Ох уж наши желания! Скольким мы жертвуем ради них, скольким рискуем! Не правда ли, месье Шварц? Проигравший все на свете человек навряд ли остановится перед чем-либо — он отдаст последнюю рубашку, лишь бы рискнуть еще раз.

В тот день Мартин Криси сильно рисковал главным желанием своей жизни отомстить, рассказывая эту историю Роуз. Однако хоть он и был еще весьма слаб и в какой-то степени выжил из ума, одно в его памяти сохранилось верно: Роуз была слишком впечатлительной и сердобольной, чтобы оставить в стороне мольбы сына, смотрящего на нее горящими глазами. Он сказал:

— Роуз, я знаю, сколько ты сделала для меня! Твое сердце привело тебя сюда, ты спасла меня! Я обязан тебе жизнью! Но, прошу тебя, позволь мне только насладиться одним, прежде чем мы пойдем в полицию и все расскажем.
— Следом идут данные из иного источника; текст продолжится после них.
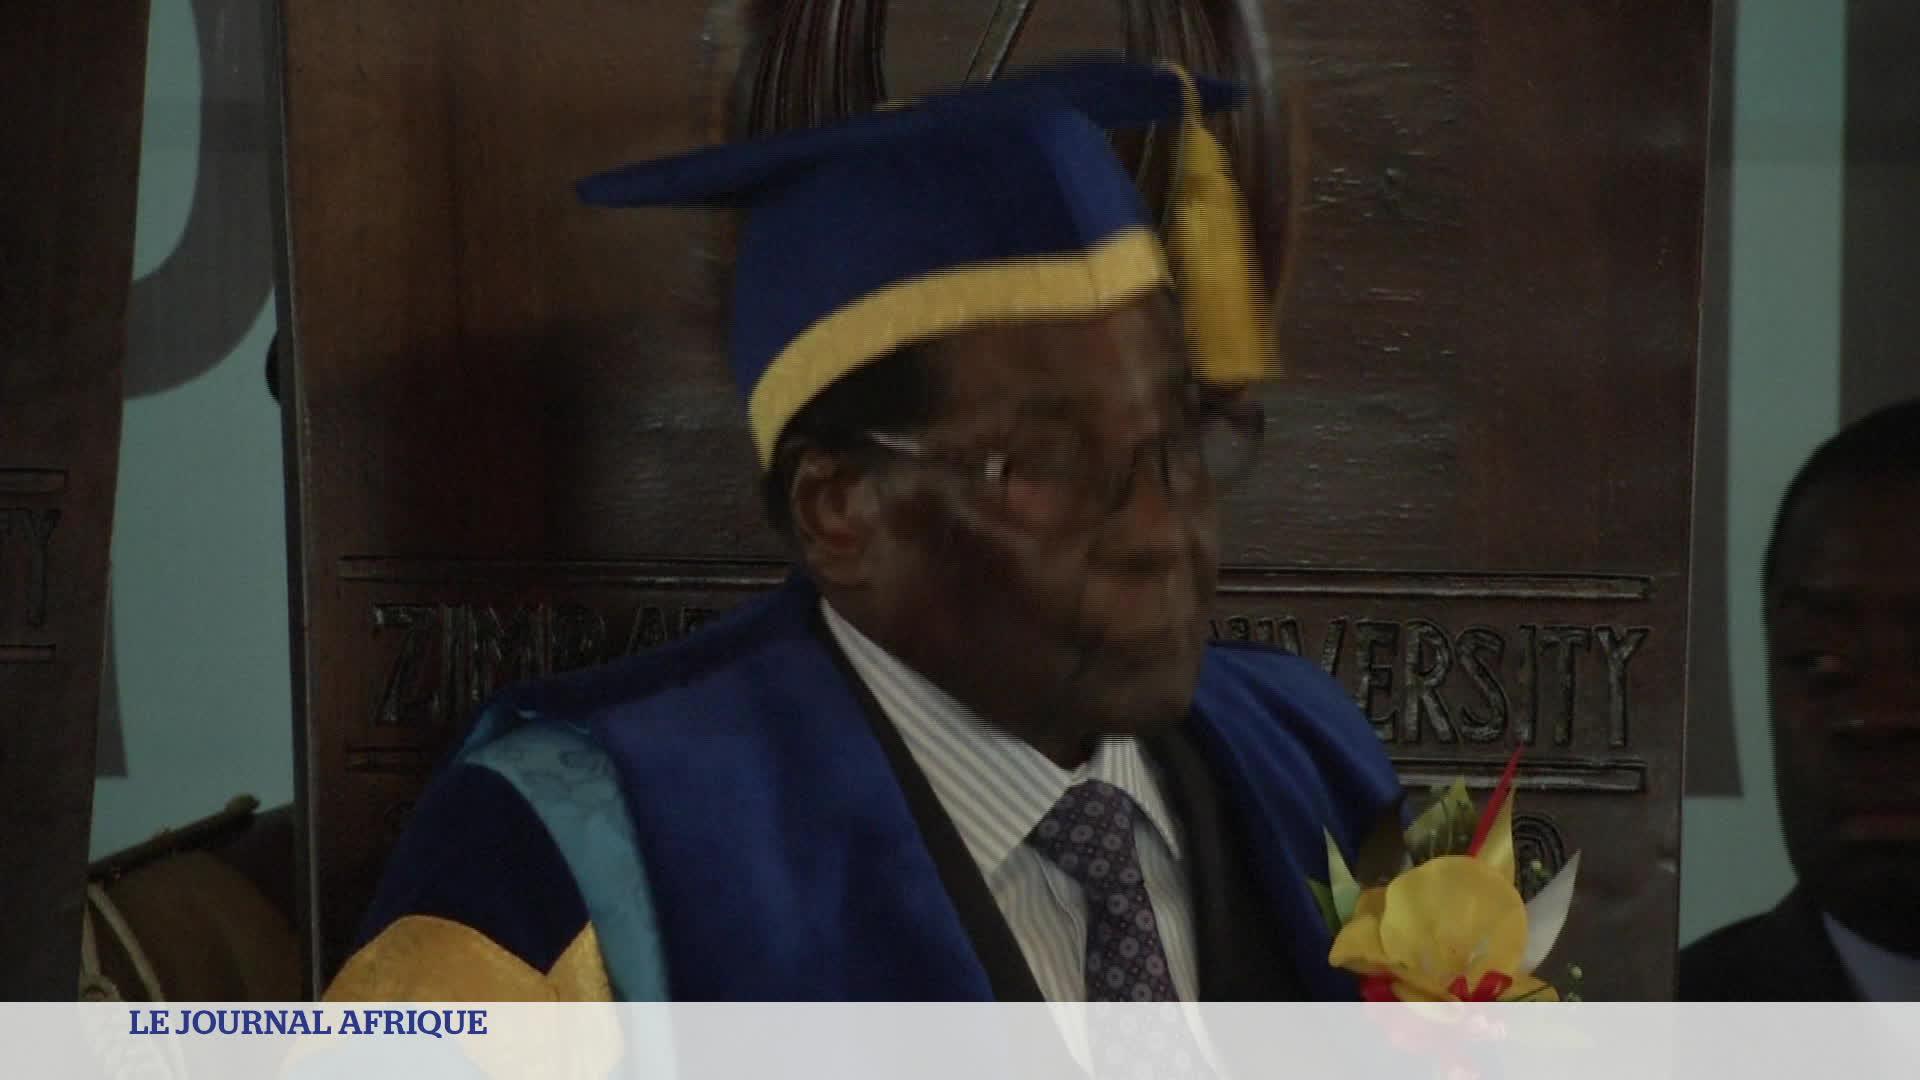 L'incertitude autour de Mugabe au Zimbabwe

Две с половиной недели назад я видел, как ее выводили из суда и посадили в машину для перевозки заключенных. Я слышал твои разговоры по телефону насчет того, чтобы войти в число присяжных на суде по ее делу. Если сегодня ее оправдают, я хочу видеть, как Маргарет вернется в то место и обнаружит, что меня нет! Я хочу, чтобы волосы ее встали дыбом от ужаса и неожиданности, которые скуют ее тело! Я хочу насладиться ее страхом и ее поражением! И нет ничего более упоительного, если она узнает об этом сама! Я прошу тебя, мама, оставь мне этот день, а завтра мы пойдем в полицию и все расскажем, обещаю!

Сердце Роуз, казалось, уменьшилось в разы, прижавшись к стенкам не заледеневшей души. Она знала, что поступает неправильно, но она никогда не могла отказать своим детям в чем-либо. Для нее он был сыном, который сбился с пути, чем еще больше вызывал в ней любовь. «В конце концов, — рассуждала она сама с собой, — скорее всего, ее вину признают сегодня и тогда, сразу после суда, я за шкирку приведу этого мальчишку в полицию. А если ее отпустят на свободу, то… я сделаю то же самое, только дам мальчику эти несколько часов последней услады. Я позволю ей вернуться домой, но за всем прослежу лично сама».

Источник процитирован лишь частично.